ANCIENT WISDOM QUOTES FROM THE GREAT PYTHAGORAS

ANCIENT WISDOM QUOTES FROM THE GREAT PYTHAGORAS:

  • Choose rather to be strong of soul than strong of body.

 

  • There is geometry in the humming of the strings, there is music in the spacing of the spheres.

 

  • Silence is better than unmeaning words.

 

  • Rest satisfied with doing well, and leave others to talk of you as they will.

 

  • It is better wither to be silent, or to say things of more value than silence. Sooner throw a pearl at hazard than an idle or useless word; and do not say a little in many words, but a great deal in a few.

 

  • The oldest, shortest words – ‘yes’ and ‘no’ – are those which require the most thought.

 

  • No one is free who has not obtained the empire of himself.

 

  • As long as man continues to be the ruthless destroyer of lower living beings he will never know health or peace. For as long as men massacre animals, they will kill each other. Indeed, he who sows the seeds of murder and pain cannot reap the joy of love.”

 

  • “In anger we should refrain both from speech and action.”

 

  • “A man is never as big as when he is on his knees to help a child.” 

 

pythagoras-4

Pythagoras of Samos Pythagóras ho Sámios ‘Pythagoras the Samian‘,   (570 – c. 495 BC) was an Ionian Greek philosopher and the eponymous founder of the Pythagoreanism movement. His political and religious teachings were well-known in Magna Graecia and influenced the philosophies of Plato, Aristotle, and, through them, Western Philosophy.

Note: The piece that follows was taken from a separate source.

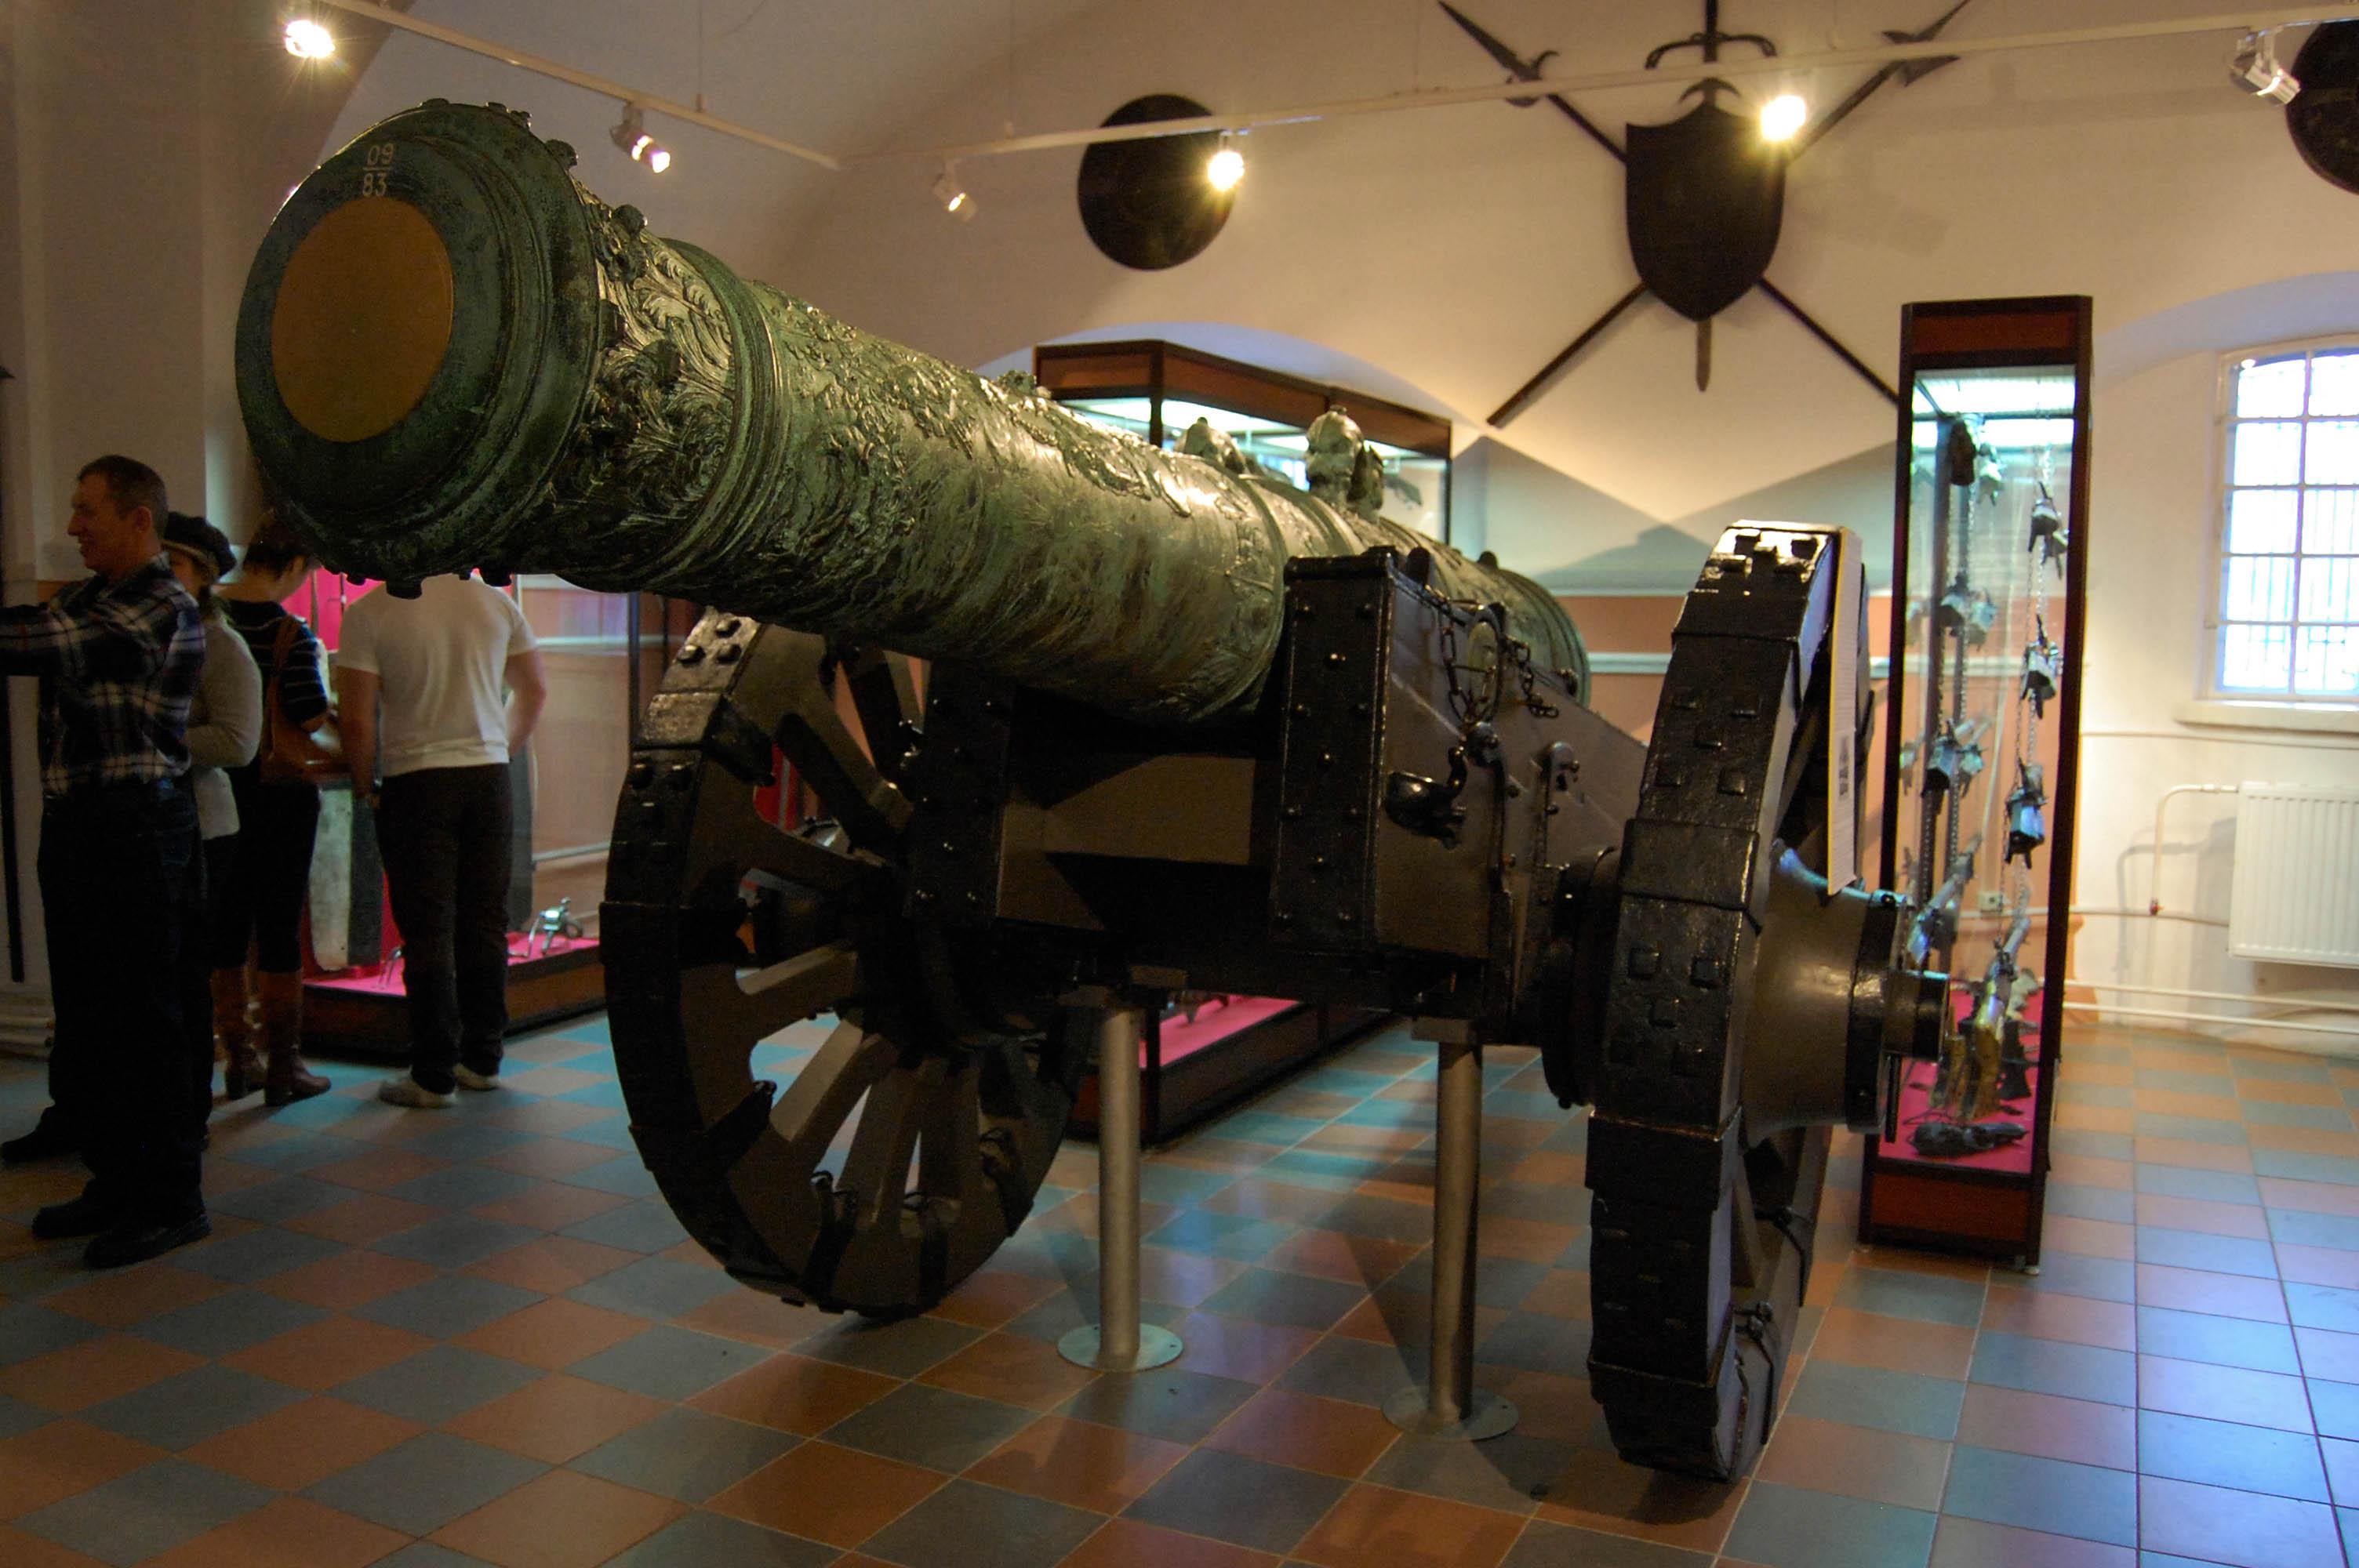 Фото Военно-исторический музей артиллерии, инженерных войск и войск связи
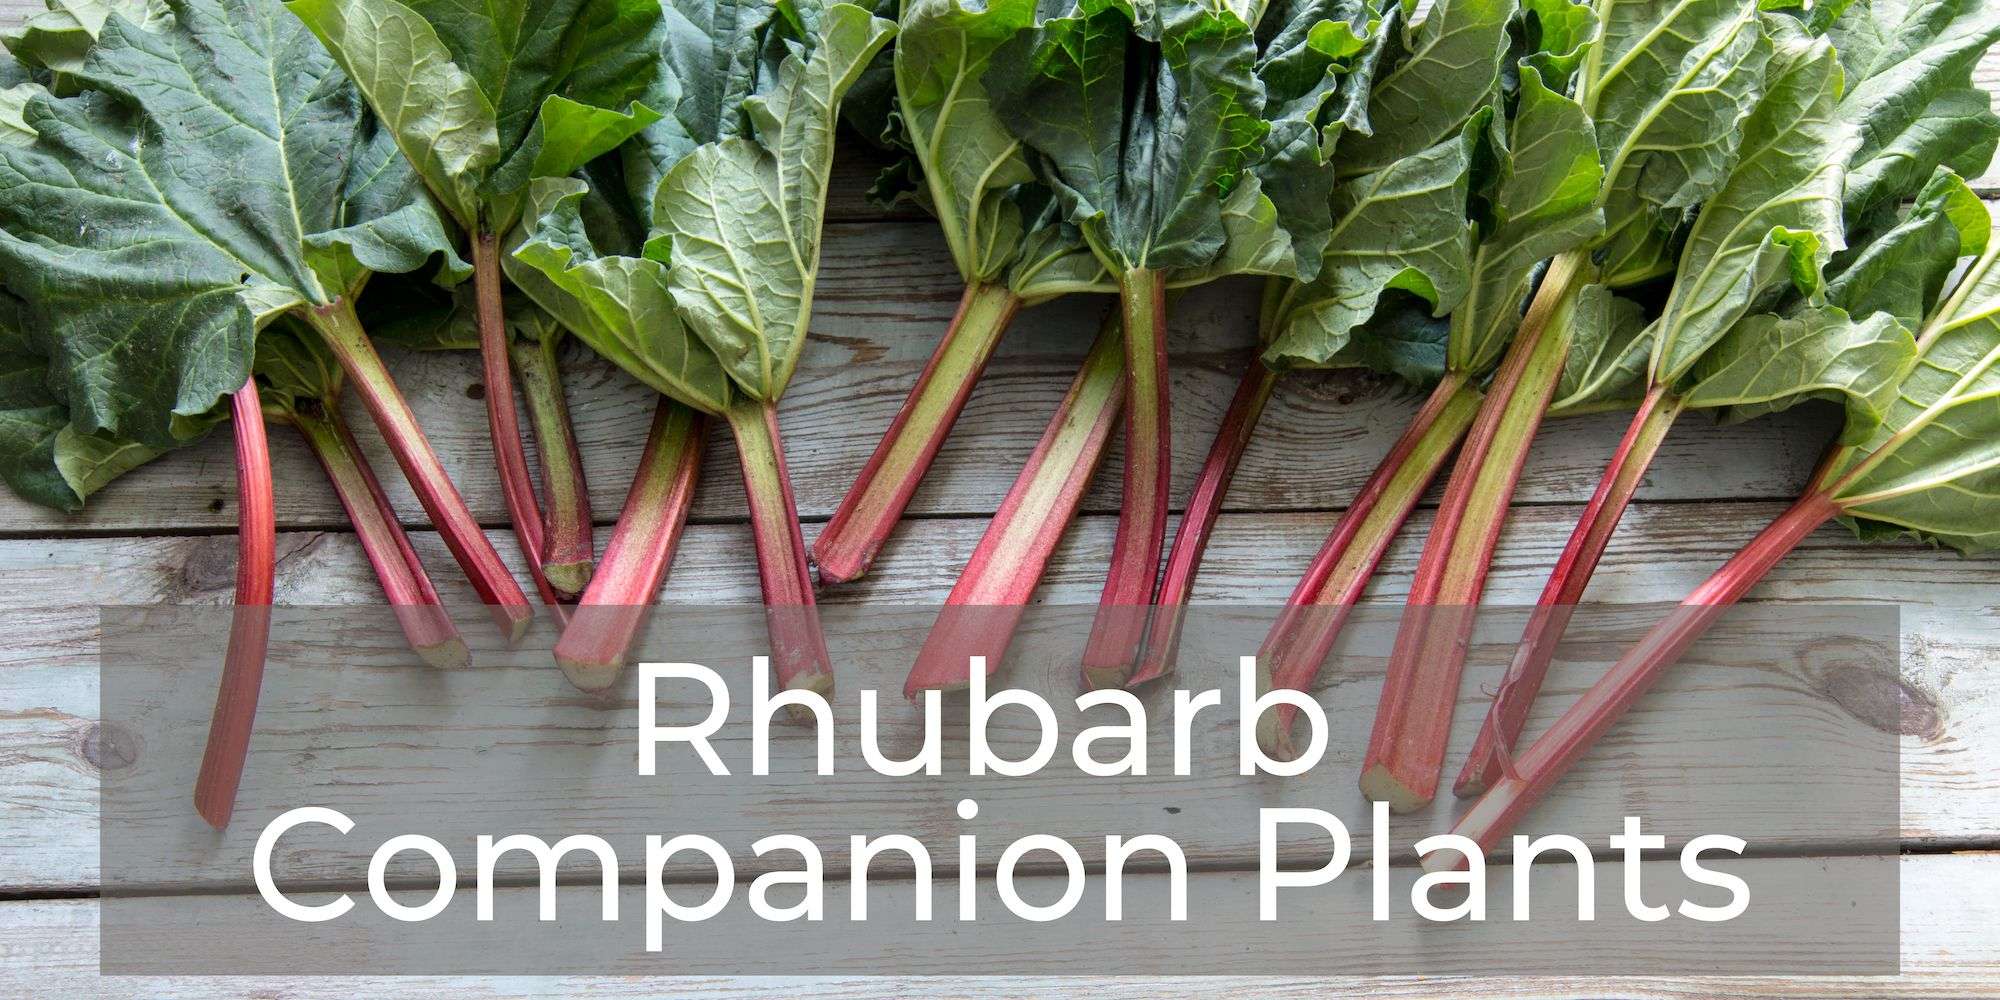 10 Rhubarb Companion Plants

The teaching most securely identified with Pythagoras is metempsychosis, or the “transmigration of souls”, which holds that every soul is inmortal and, upon death, it transforms into a new body. He may have also devised the doctrine of musica universalis, which holds that the planets move according to mathematical equations and thus resonate to produce an inaudible symphony of music. Scholars debate whether Pythagoras himself developed the numerological and musical teachings attributed to him, or if those teachings were developed by his later followers, particularly Philolaus of Croton. Pythagoras was also said to be a vegetarian.

In antiquity, Pythagoras was credited with many mathematical and scientific discoveries, including the Pythagorean theorem, Pythagorean tuning, the five regular solids, the Theory of Proportions, the sphericity of the Earth, and the identity of the morning and evening stars as the planet Venus. It was said that he was the first man to call himself a philosopher (“lover of wisdom”) and that he was the first to divide the globe into five climatic zones.

Pythagoras continued to be regarded as a great philosopher throughout the Middle Ages and his philosophy had a major impact on scientists such as Nicolaus Copernicus, Johannes Kepler, and Isaac Newton. His teachings as portrayed in Ovid‘s Metamorphoses influenced the growth of the vegetarian  movement.